When I was a young man, I may have signed a particularly nefarious Faustian pact with Aul' Nick. I can't really remember, and I've drank a hell of a lot since then. I think it went something like this in the end: "Sure you can have big glossy art books by three of your favourite artists, Mark, but you'll have to wait until you're in your thirties until they come out... mwuhahahahaha!". Bastard.

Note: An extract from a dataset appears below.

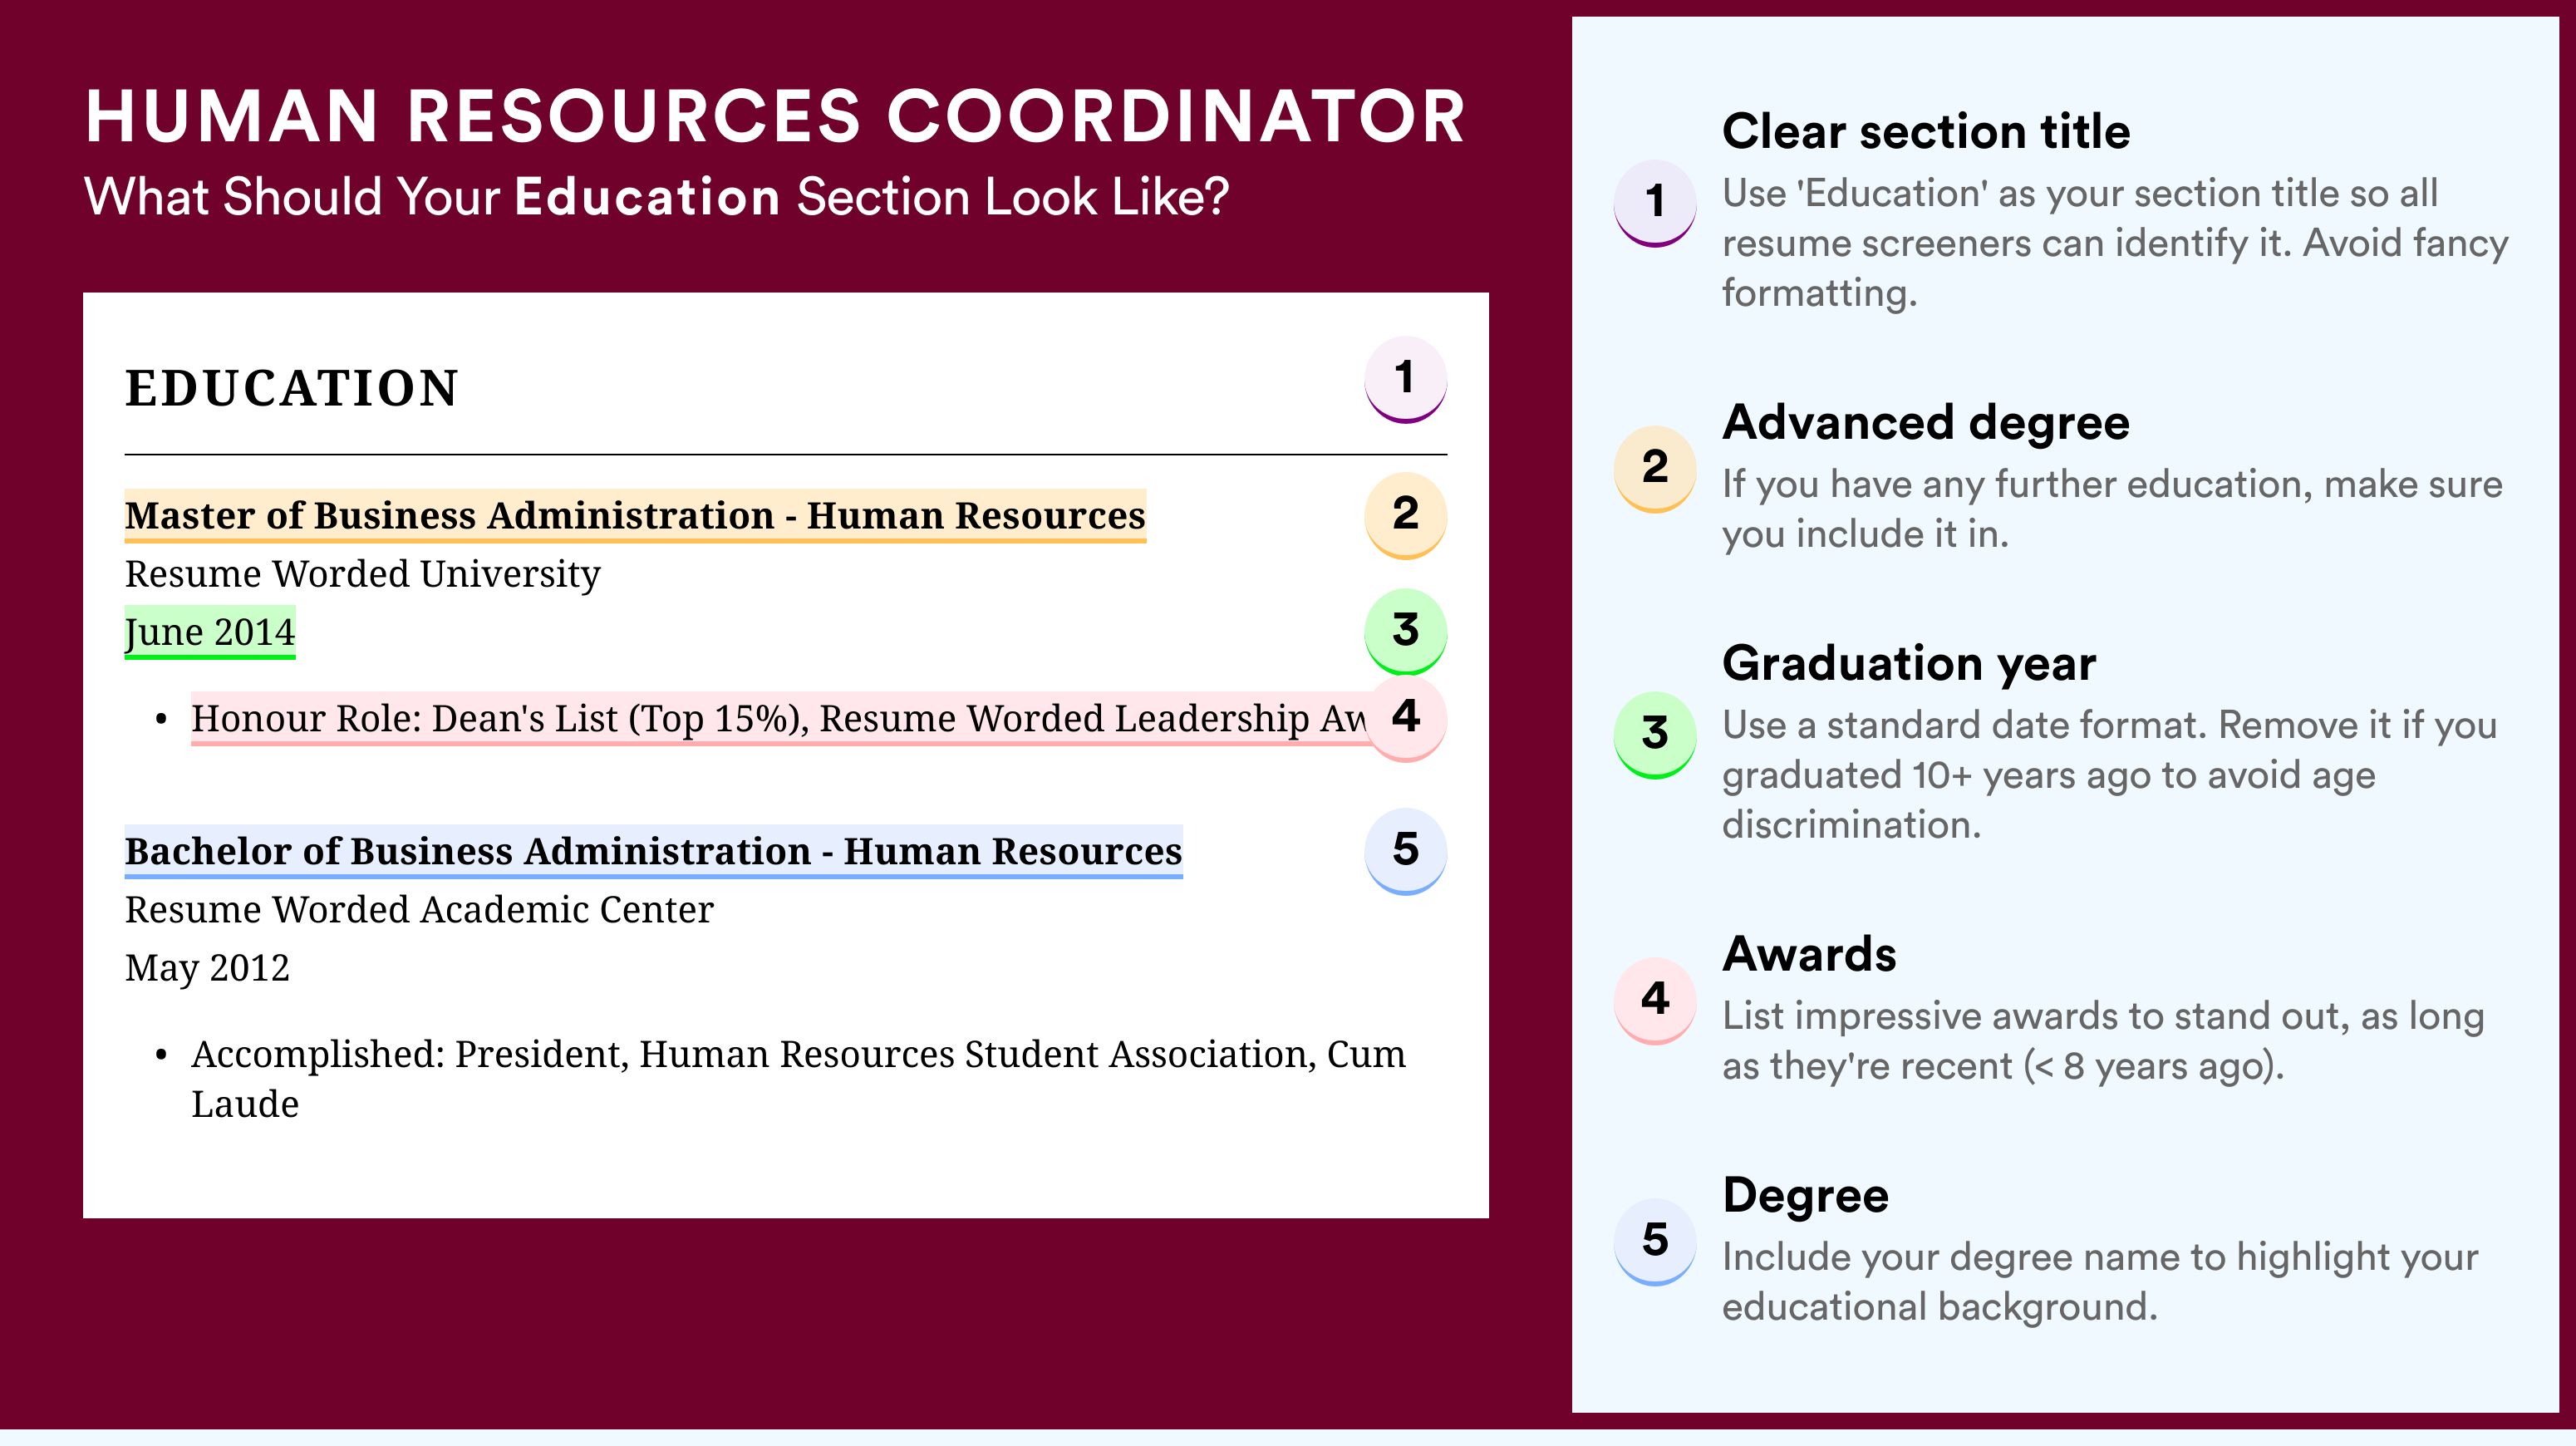 How To Write An Education Section - Human Resources Coordinator Roles

I thought I was buying this book for, duh, the art of Brian Bolland. Yet for any comic art fan of my nationality and age, ironically, what might end up leaving the greatest impression about this book (and I assure you, it's a big, heavy slab of a thing - if I decided to use it as a weapon, it'd make a hell of an impression) is the text. Bolland's narrative is one part confessional; one part sentimental journey; one part social history; to one part backstage memoir, with all the juicy titbits about his days at 2000AD and DC a comics groupie could want. It tells us a lot about the man, his background, and the industry he's chosen to work in. It even serves somewhat as a family album. You wanna see Brian Bolland at Stonehenge? Check. Bolland in Red Square? Check. Kevin O'Neill at his desk in IPC Towers, circa 1977? Check. Dave Gibbons smoking a big cigar in a fancy restaurant? Yup.

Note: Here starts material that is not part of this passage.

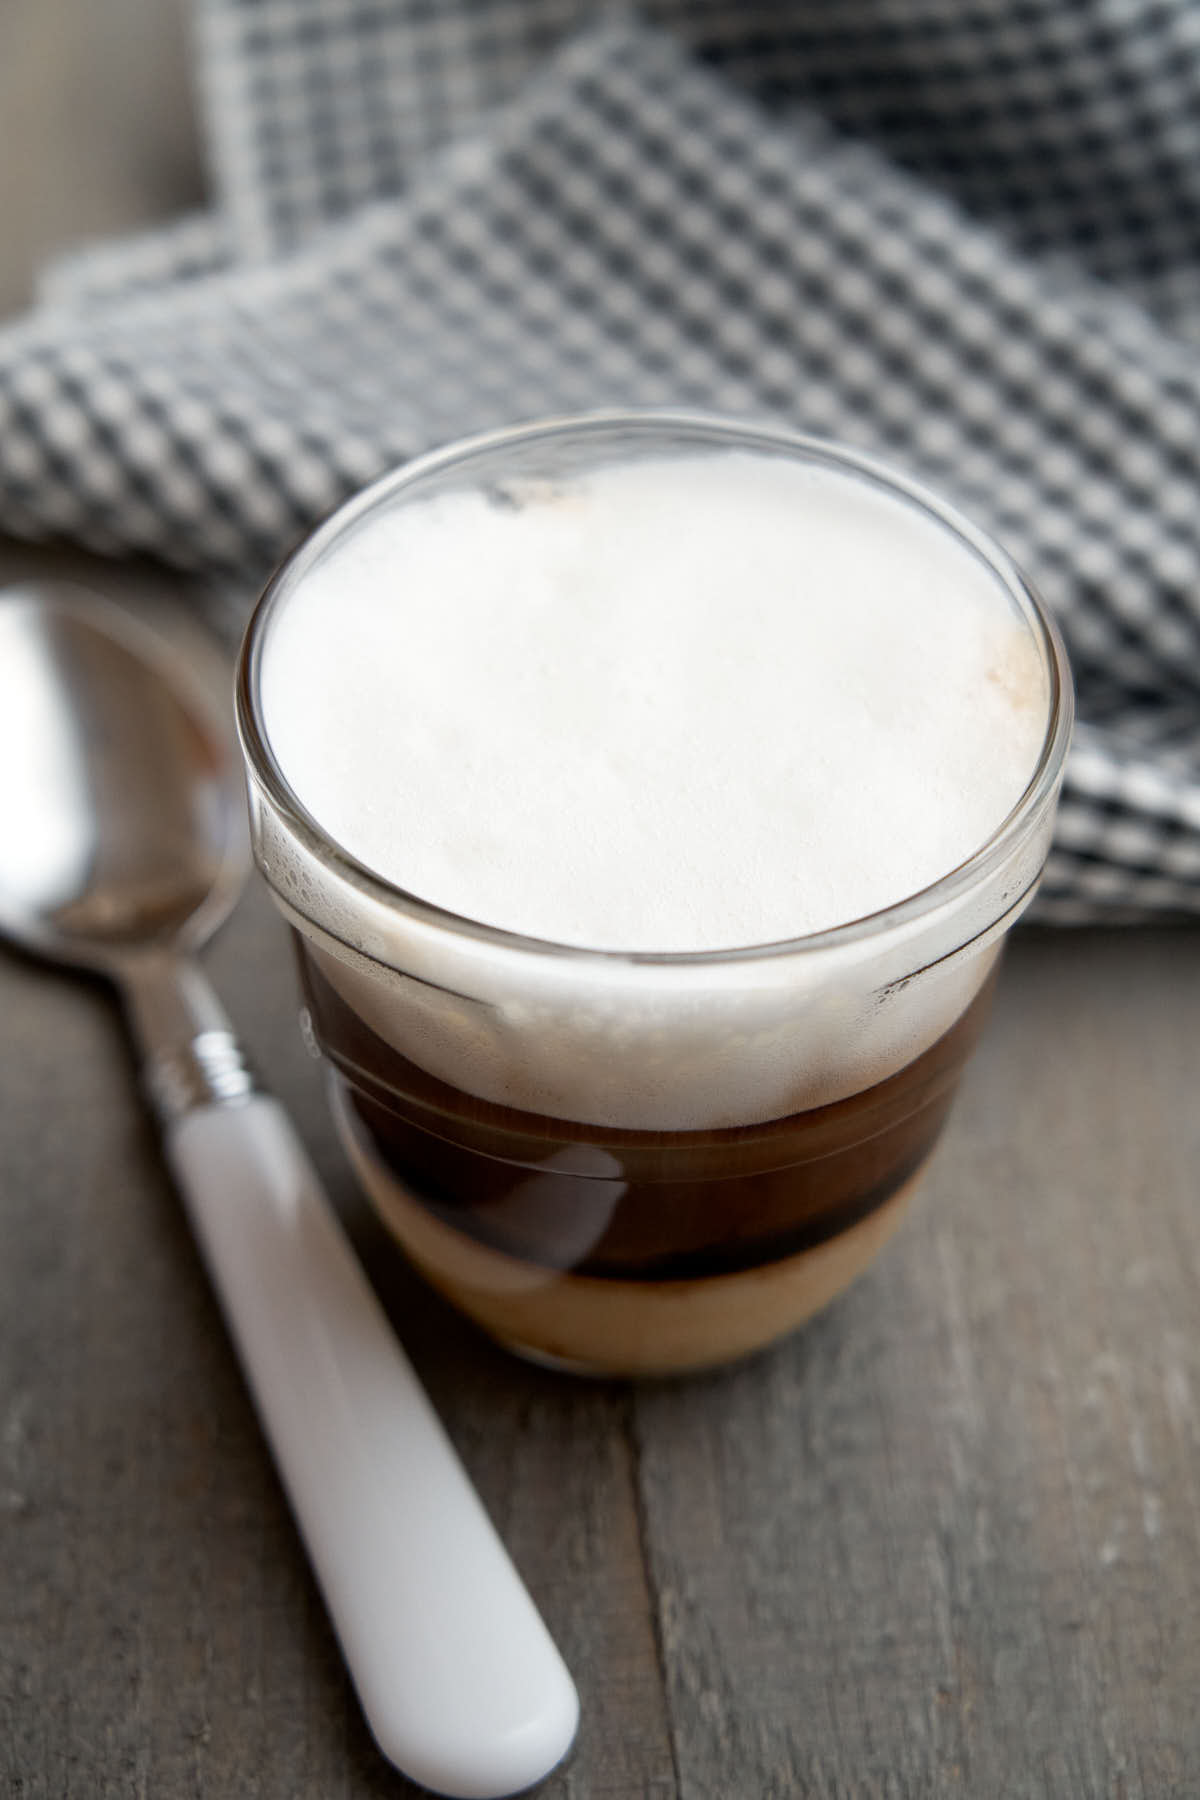 Espresso and condensed milk drink - glass cup to show layers

I say "chosen", because with talent like his, he could easily have strayed from comics - there are plenty of examples of his advertising work (though he clearly didn't have the temperament to stay in that world), and plenty of covers for TIME OUT here, too - but chooses instead to continue in the field he clearly loves. That said, he does have a hell of an inferiority complex about comics, which he touches on often without ever really attempting to analyse it. From the blurb on the back cover and onwards throughout the book, he creates or mentions scenarios that suggest a certain discomfort or embarrassment with comics; his lack of fame outside a small subculture of fans; and the lack of understanding when he has to explain to non-comics fans (Hock! Spit!) what exactly he does for a living.

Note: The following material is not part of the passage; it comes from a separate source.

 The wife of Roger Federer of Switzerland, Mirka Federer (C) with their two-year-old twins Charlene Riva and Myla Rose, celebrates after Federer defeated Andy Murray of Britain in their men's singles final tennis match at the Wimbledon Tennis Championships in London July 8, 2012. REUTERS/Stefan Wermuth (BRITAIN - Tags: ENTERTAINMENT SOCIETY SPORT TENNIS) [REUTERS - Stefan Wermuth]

The cynical, working class, no-nonsense, Irish part of me would suggest that Bolland should just bloody get over it - he's pre-eminent in his field, he's produced a gorgeous body of work, he's loved by that aforementioned subculture (who may be small but are damned influential). Of course, the comics fan in me also looks at the latter half of the book and wistfully wishes he'd do more sequential work. Though he may have convinced himself he's a cover artist these days, every opportunity he gets to draw interiors he absolutely belts it out of the park (his BATMAN: BLACK & WHITE short, through to his current crop of Mr Mamoulian strips in NEGATIVE BURN to his chapter in the FABLES hardback 1001 Nights Of Snowfall). The chapters showcasing his work drawing covers for THE FLASH and various BATMAN titles do suggest a deep discomfort with the whole process of being a "superhero cover artist" and working within the whims of editors and colourists an ocean away. I say come back to what you know, Brian. Draw some comics. Be happy.